Search code examples
scrapyscrapy-pipeline

Scrapy: how to send the items to the site via the api


Now my spiders are sending data to my site in this way:

def parse_product(response, **cb_kwargs):
    item = {}
    item[url] = response.url
    data = {
        "source_id": 505,
        "token": f"{API_TOKEN}",
        "products": [item]
         }
    headers = {'Content-Type': 'application/json'}
    url = 'http://some.site.com/api/'
    requests.post(url=url, headers=headers, data=json.dumps(data))

is it possible to somehow implement this design through a pipeline or middleware, because it is inconvenient to prescribe for each spider?

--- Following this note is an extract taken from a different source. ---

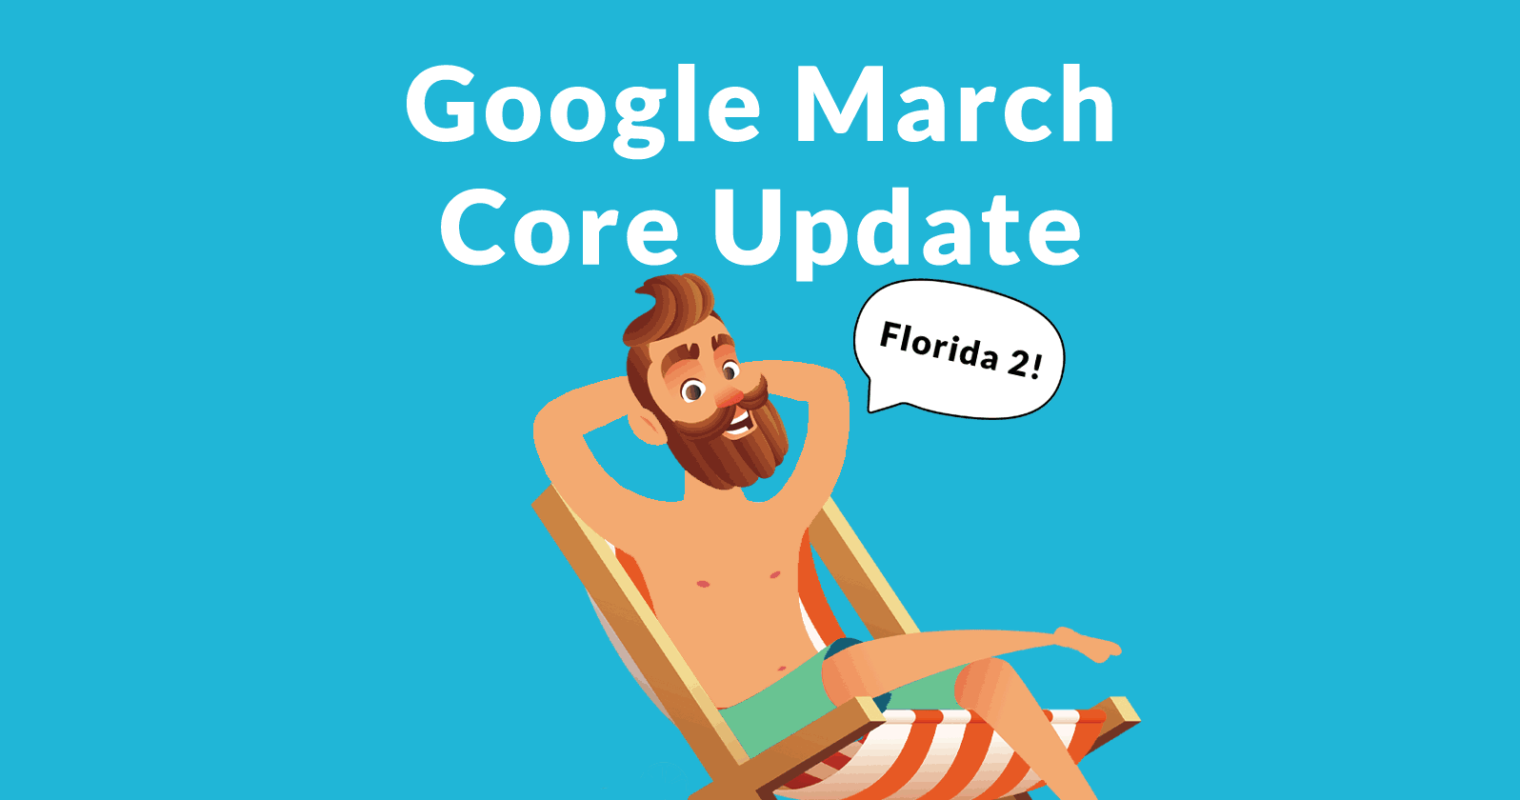 Google Update Florida 2: March 2019 Core Update Is a Big One

p.s. the data (data) needs to be sent in the json format (json.dumps(data)), if I make the item = MyItemClass() class, an error occurs...


Solution

  • It can be done using a pipeline fairly easily. You can also use scrapy's Item class and item Field class as long as you cast them to a dict prior to calling json.dumps.

    For Example:

    class Pipeline:
    
        def process_item(self, item, spider):
            data = dict(item)
            headers = {'Content-Type': 'application/json'}
            url = 'http://some.site.com/api/'
            requests.post(url=url, headers=headers, data=json.dumps(data))
            return item
    

    If you use this example it will call it on each and every item you yield from your spider. Just remember to activate it in your settings.py file.